Mountain Madness: Found and Lost in the Peaks of America and Japan
Arriving March 1, 2021, from the University of Georiga Press, Mountain Madness is an essay collection that covers an experience, from 2007 to 2010, when I lived in Kosuge Village (population 900), nestled in the Chichibu Mountains of central Japan. My essays will use these three years as a frame to investigate how landscape affects identity, specifically spiritual and environmental beliefs. The book will profile who I was before Japan (an evangelical and then wilderness guide), why I became obsessed with mountains, and the fall-out from mountain obsession to a humanistic outlook.
The path my narrator takes is one of a mountain hike. I was born in table top-flat West Texas to conservative, Christian parents in the second most Republican county by votes in America. At 19, I made my first backpacking trip to the San Juan Mountains of western Colorado and was awed by their outer-planetary-like massiveness. Two friends and I became lost, off-trail for three days. During this time, an obsession possessed me as we wandered our way through the peaks to safety, a realization that I could die out there, yes, but amid previously unknown splendor. I developed an addiction to mountains that weakened my religious faith. Like the Romantic poets before me, God transferred from the sky to the immense landscape. I jettisoned my beliefs and became an outdoor wilderness instructor. On every peak I traveled up, I hoped to recreate that first conversion experience when I was lost in the woods.
After college, while teaching English in Kosuge Village, I learned about the mountain-worshipping religion Shugendo: a mixture of Buddhism, Shintoism, and Shamanism. I climbed dozens of peaks, spending several days backpacking. However, while in Japan, I was nearly fatally injured on a solo, month-long hike. I saw the accident as a warning and turned my attention to studying writing and literature. When I came to Japan, I went up mountains, but as I left, I came down. The book profiles my experiences with mountains and my double disillusionment, leveling off with a humanistic outlook, leaving the narrator less a wanderer but more willing to empathize with other people.

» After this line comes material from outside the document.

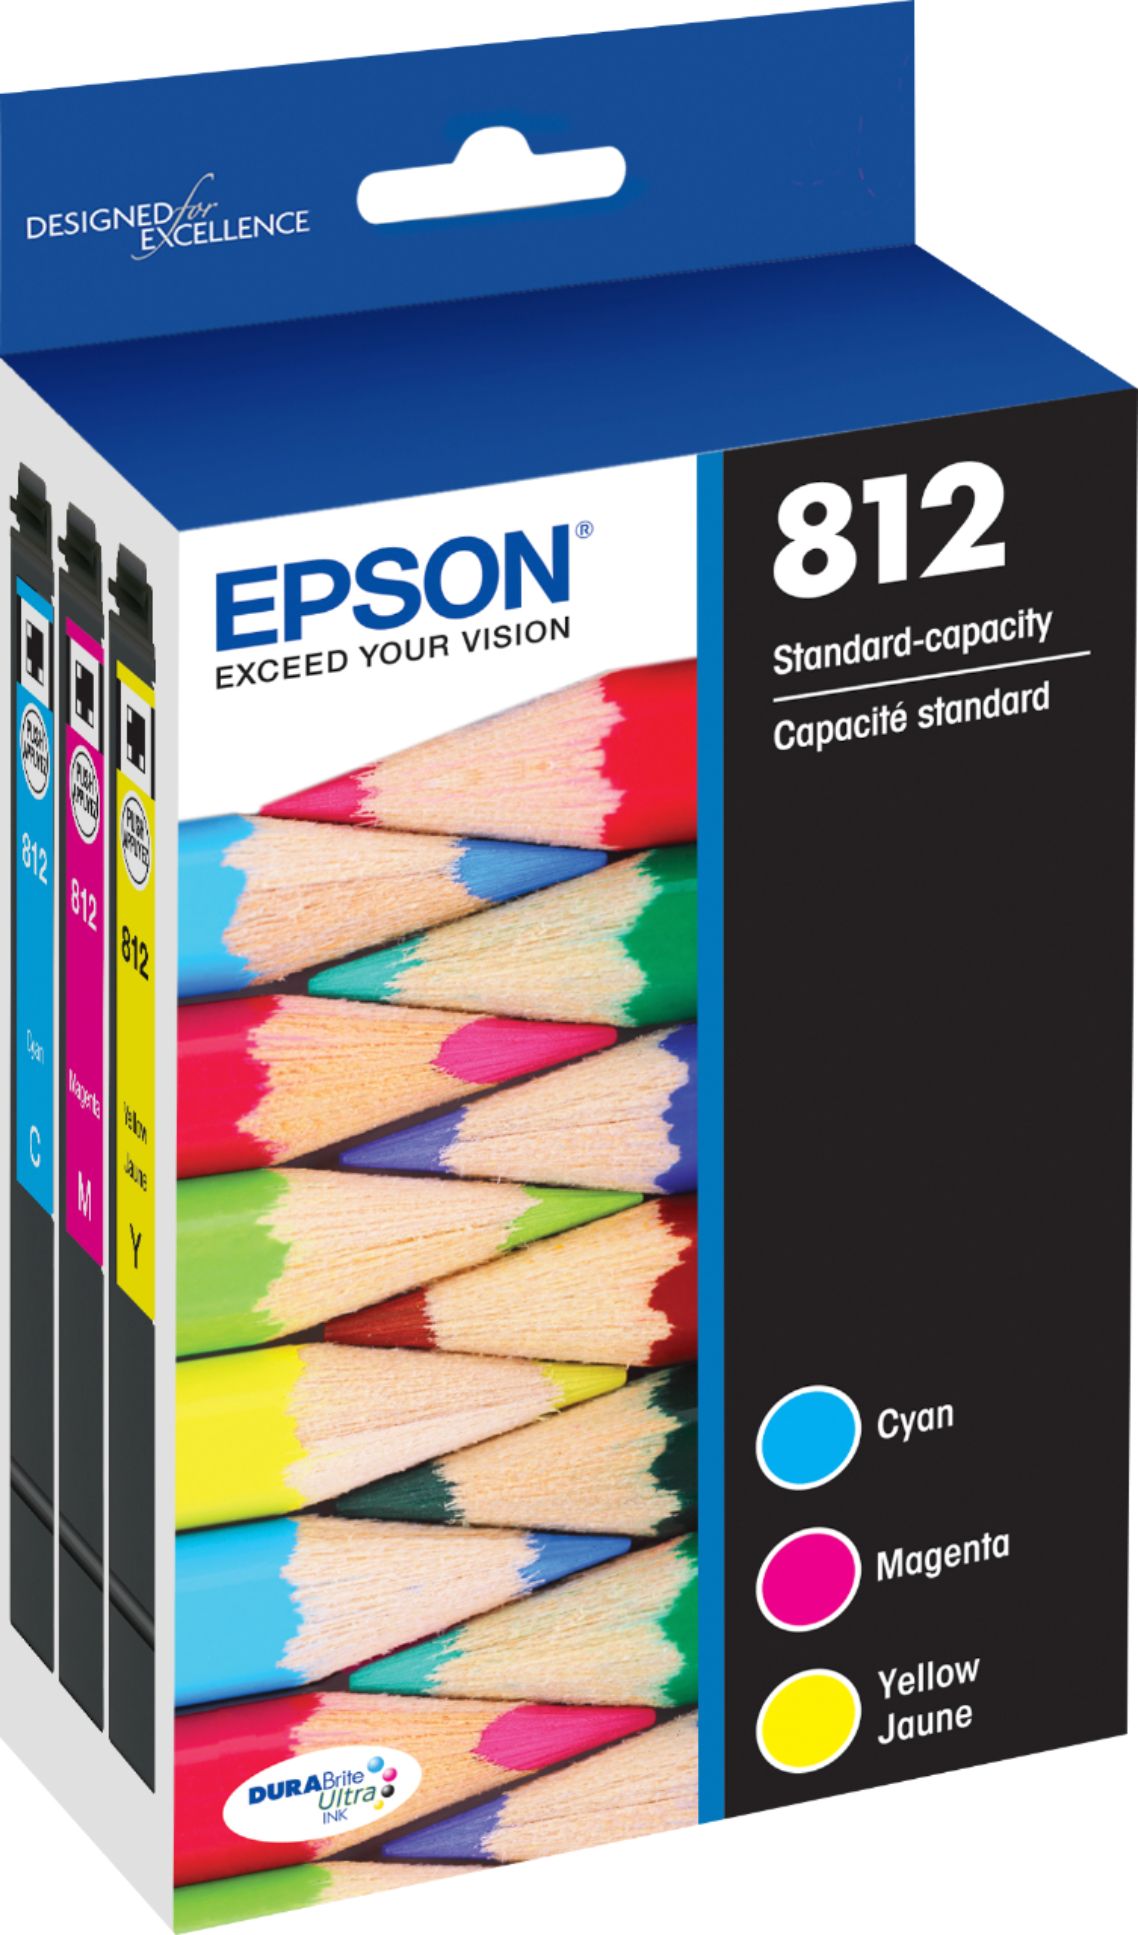 Epson - Paper - Bright White

The title chapter of the book has received the Torch Nonfiction Prize from Crab Orchard Review. Other chapters are published in Hotel Amerika, Catapult, Green Mountains Review, Yemassee Journal, ISLE, and Superstition Review. One chapter, “Giving Fire” was a finalist for contests at Arts and Letters and Phoebe. Another chapter, “Love in the Valley of Death,” was also a finalist for a contest at Arts and Letters.